[EXERCISE DETAILS] For this exercise, output the entries below exactly from the line that holds "母爱教育助力乡村振兴座谈会在广东化州隆重举行 - 中国日报网" to the line that holds "Receita de Arroz", both ends included. No pictures belong in the copy.

[DATA RECORDS]

◆ ◆ ◆

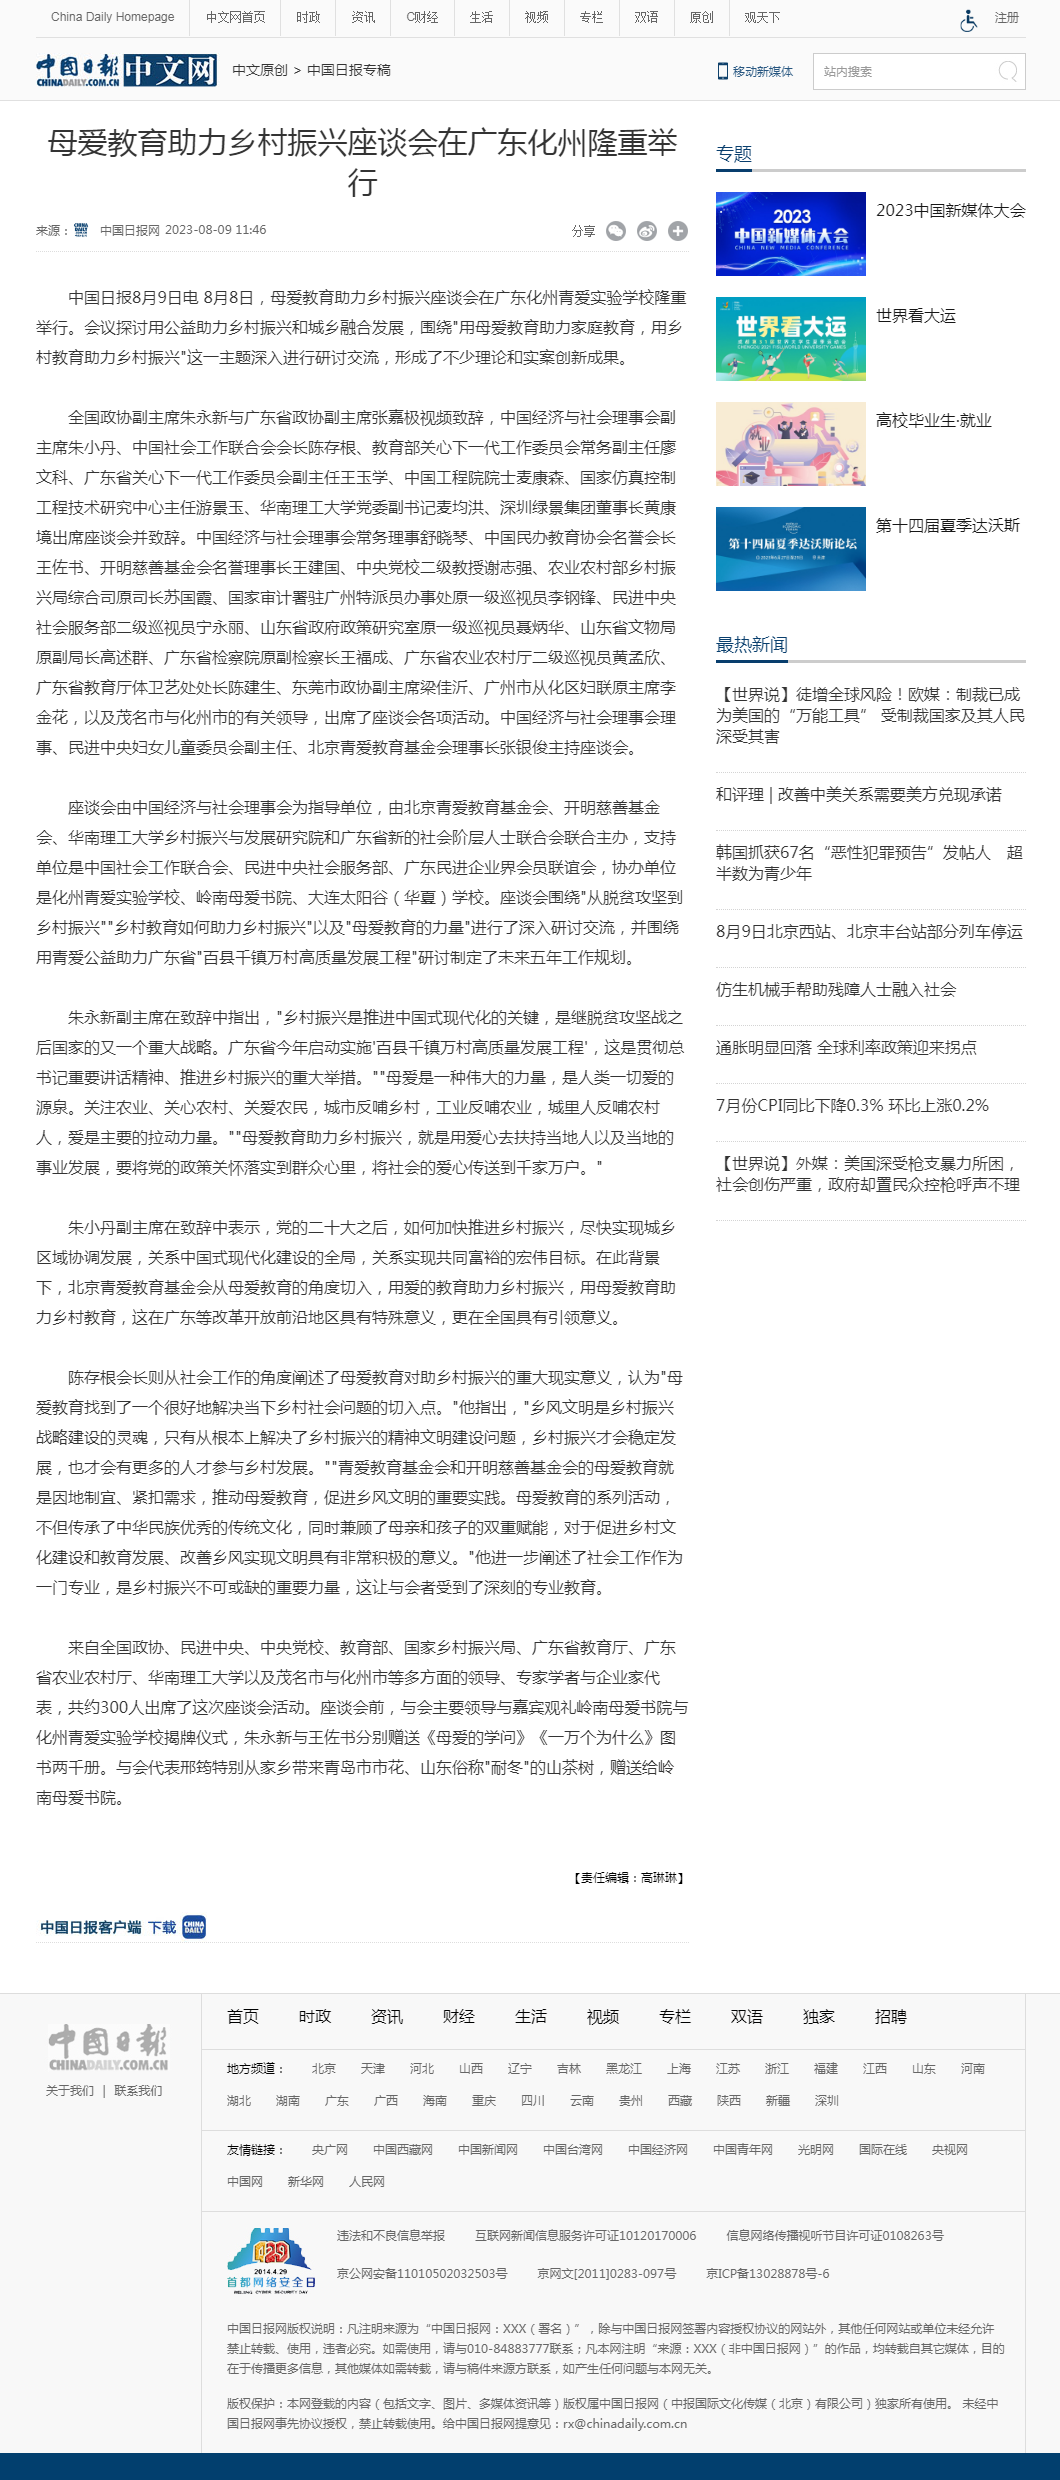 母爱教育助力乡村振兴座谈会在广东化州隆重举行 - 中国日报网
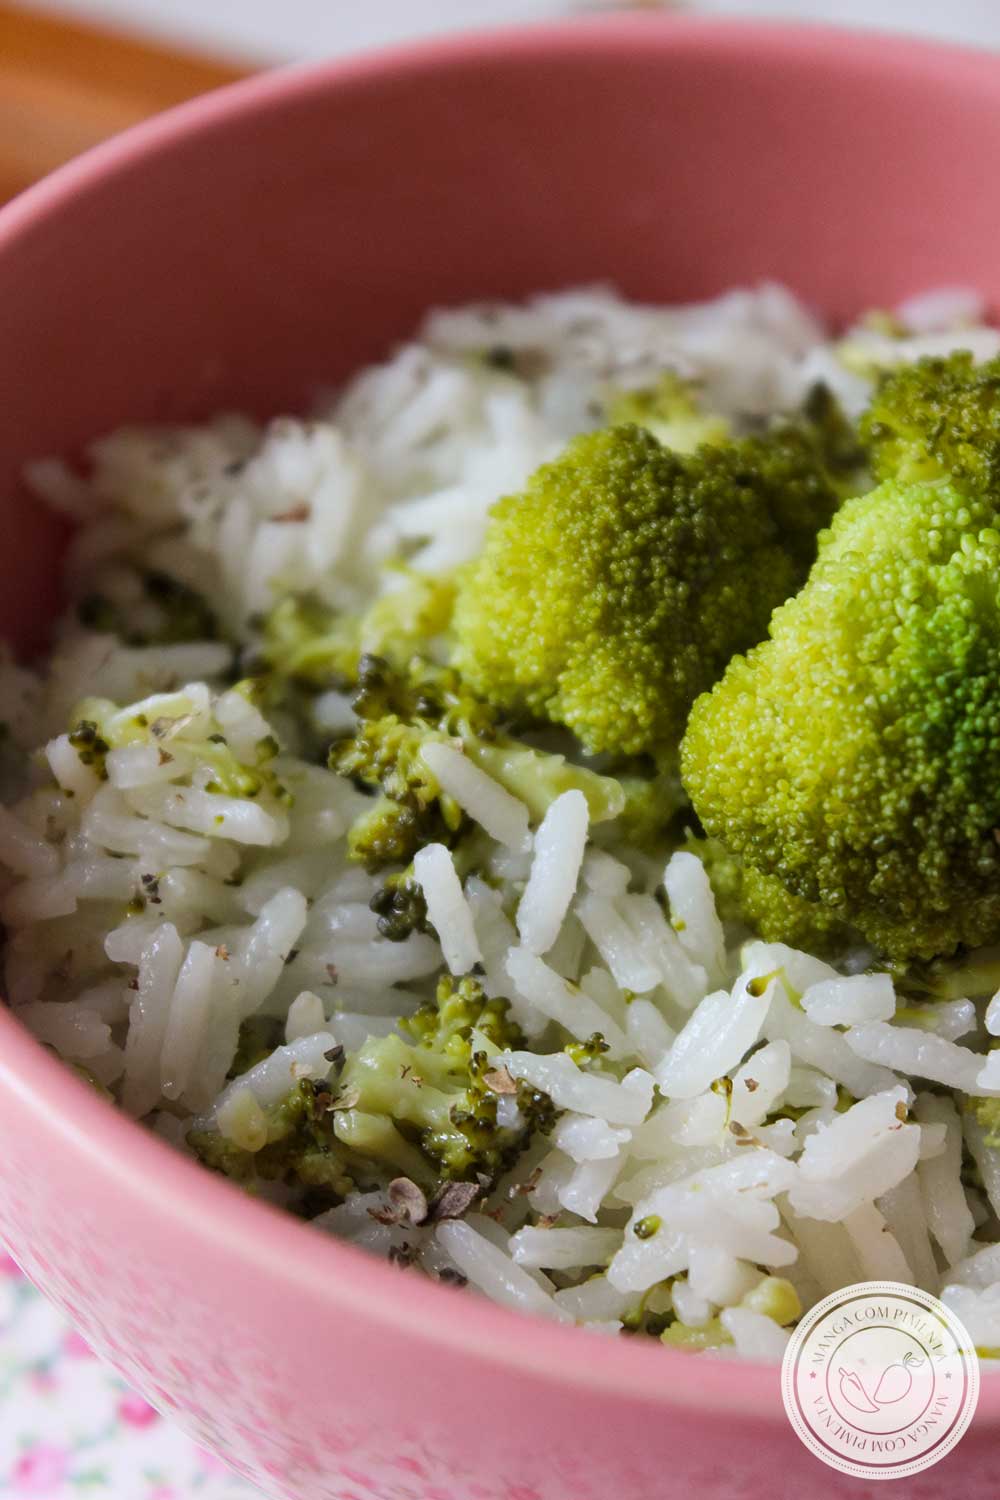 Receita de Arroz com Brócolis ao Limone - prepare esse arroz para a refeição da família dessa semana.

◆ ◆ ◆

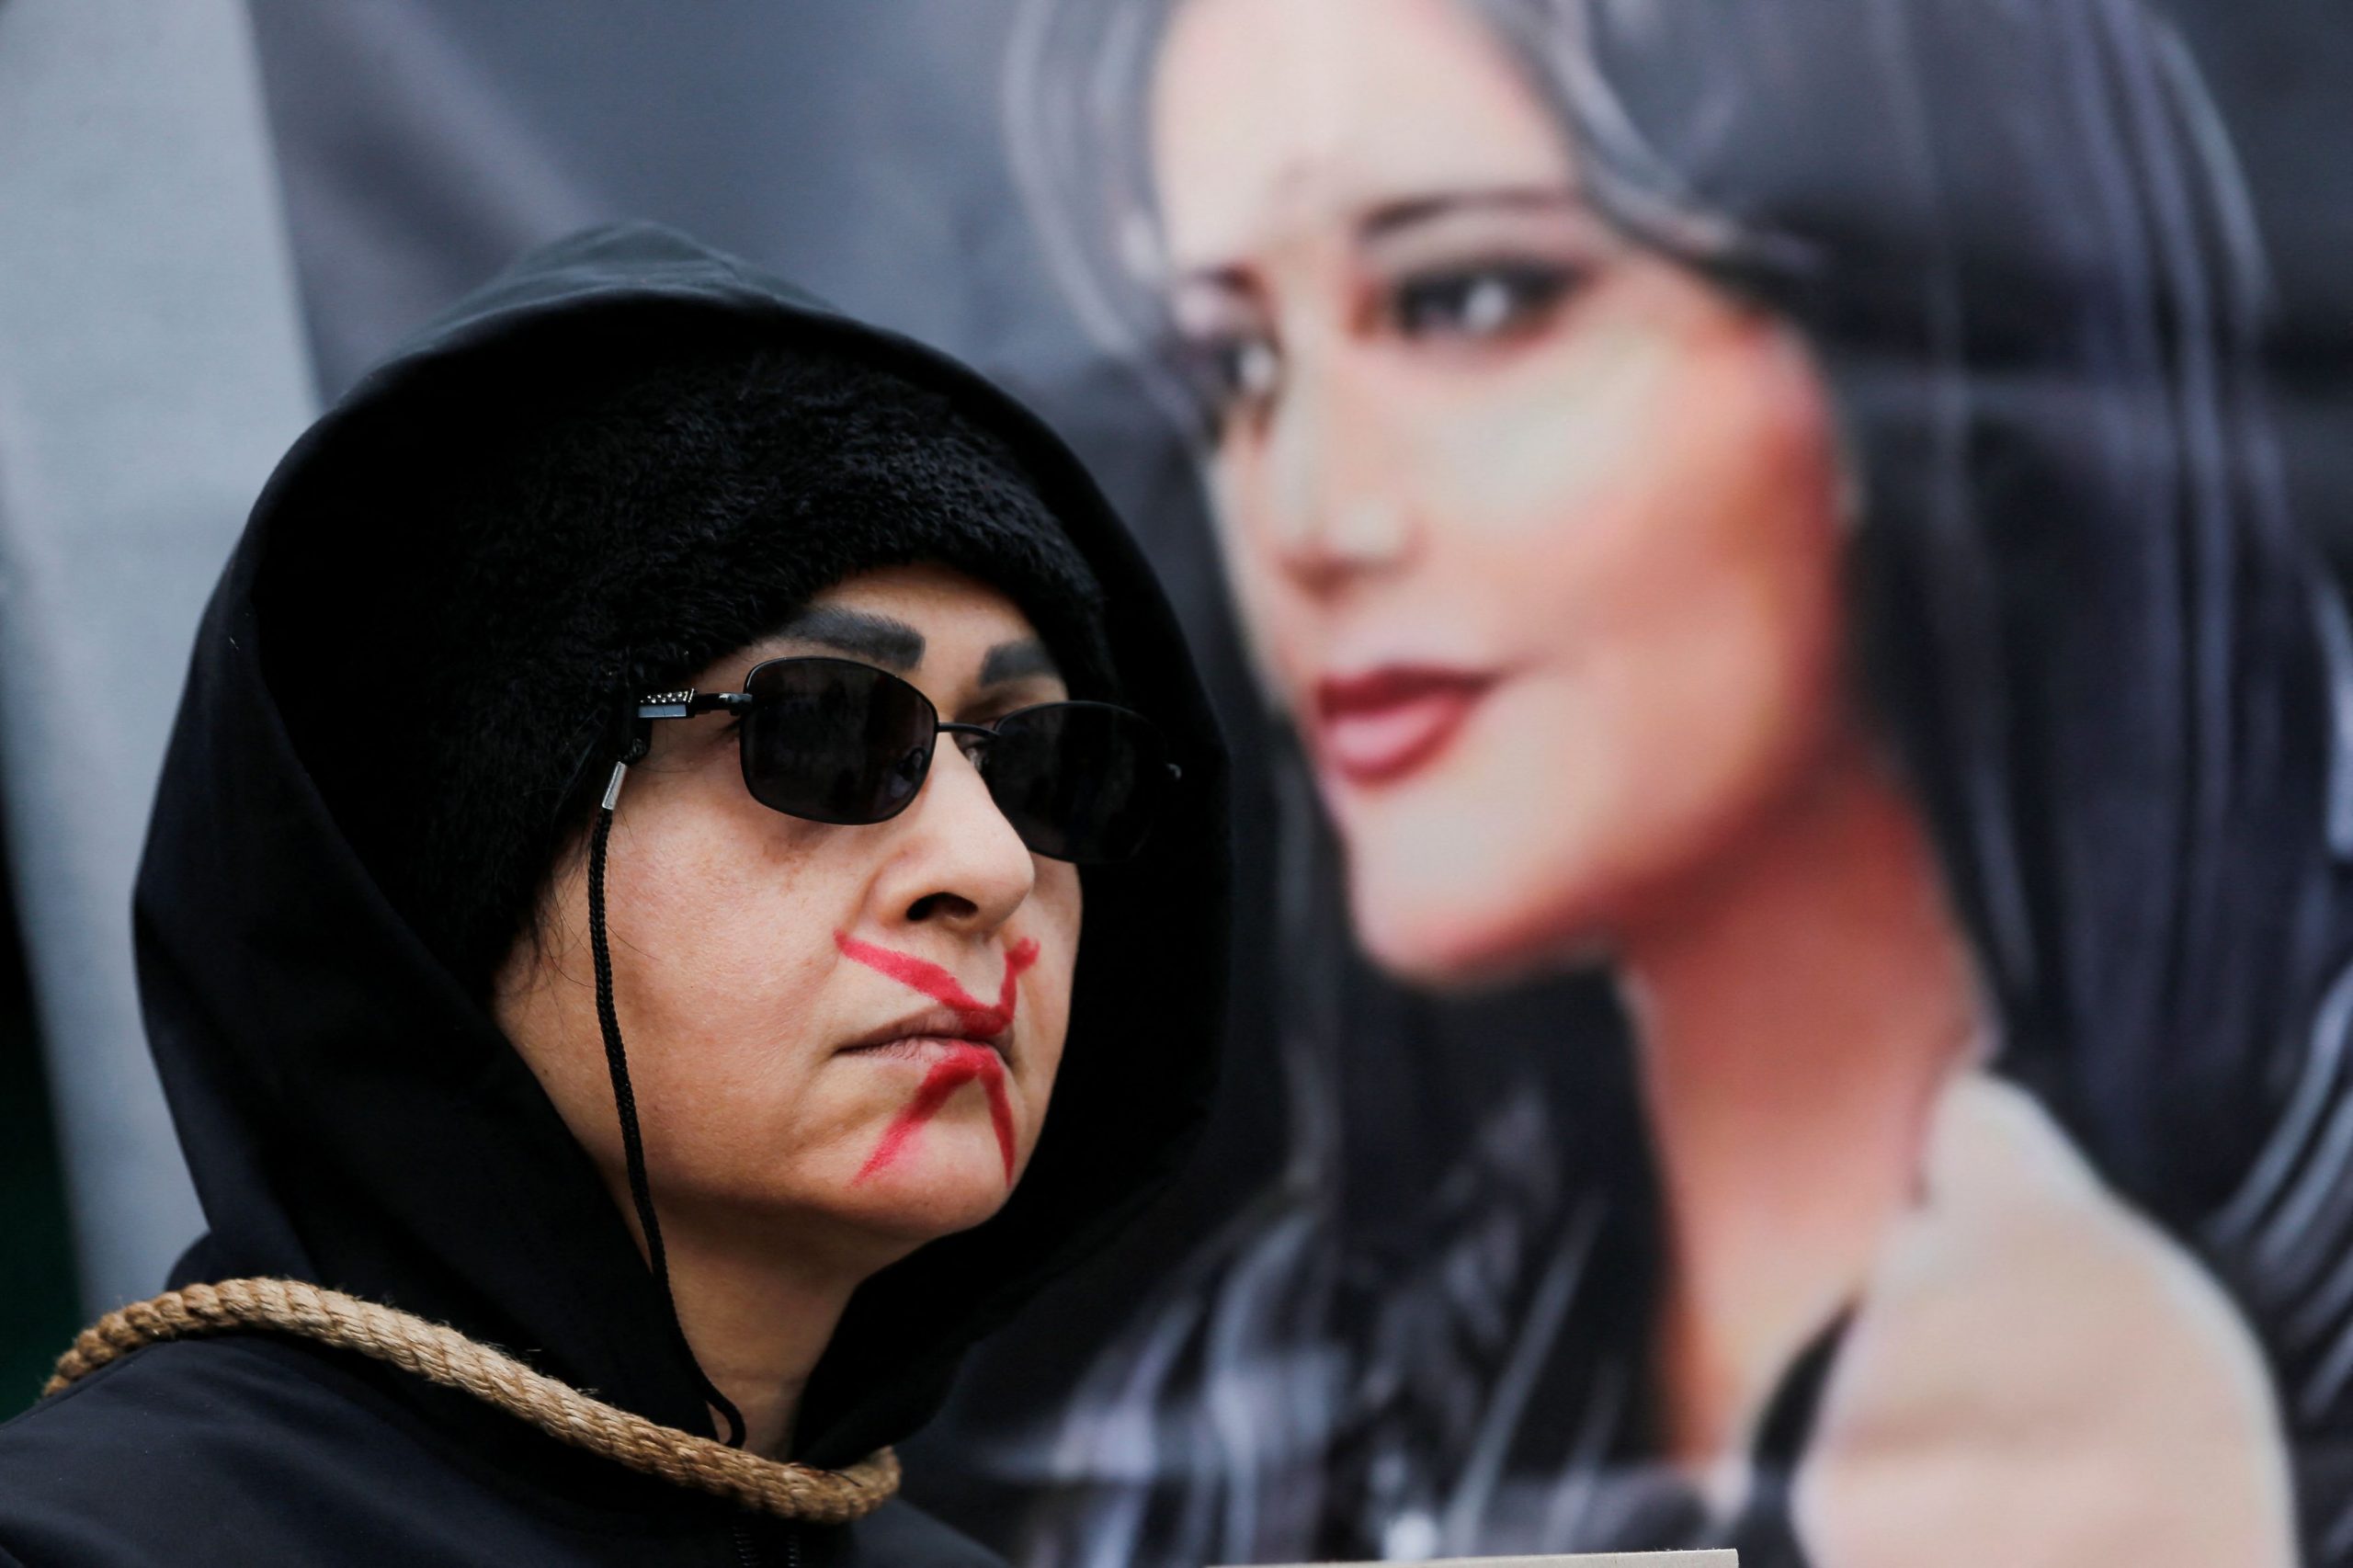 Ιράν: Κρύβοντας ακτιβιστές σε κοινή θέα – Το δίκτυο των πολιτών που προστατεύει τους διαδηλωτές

◆ ◆ ◆

[EXERCISE RESULT]
 母爱教育助力乡村振兴座谈会在广东化州隆重举行 - 中国日报网
 Receita de Arroz com Brócolis ao Limone - prepare esse arroz para a refeição da família dessa semana.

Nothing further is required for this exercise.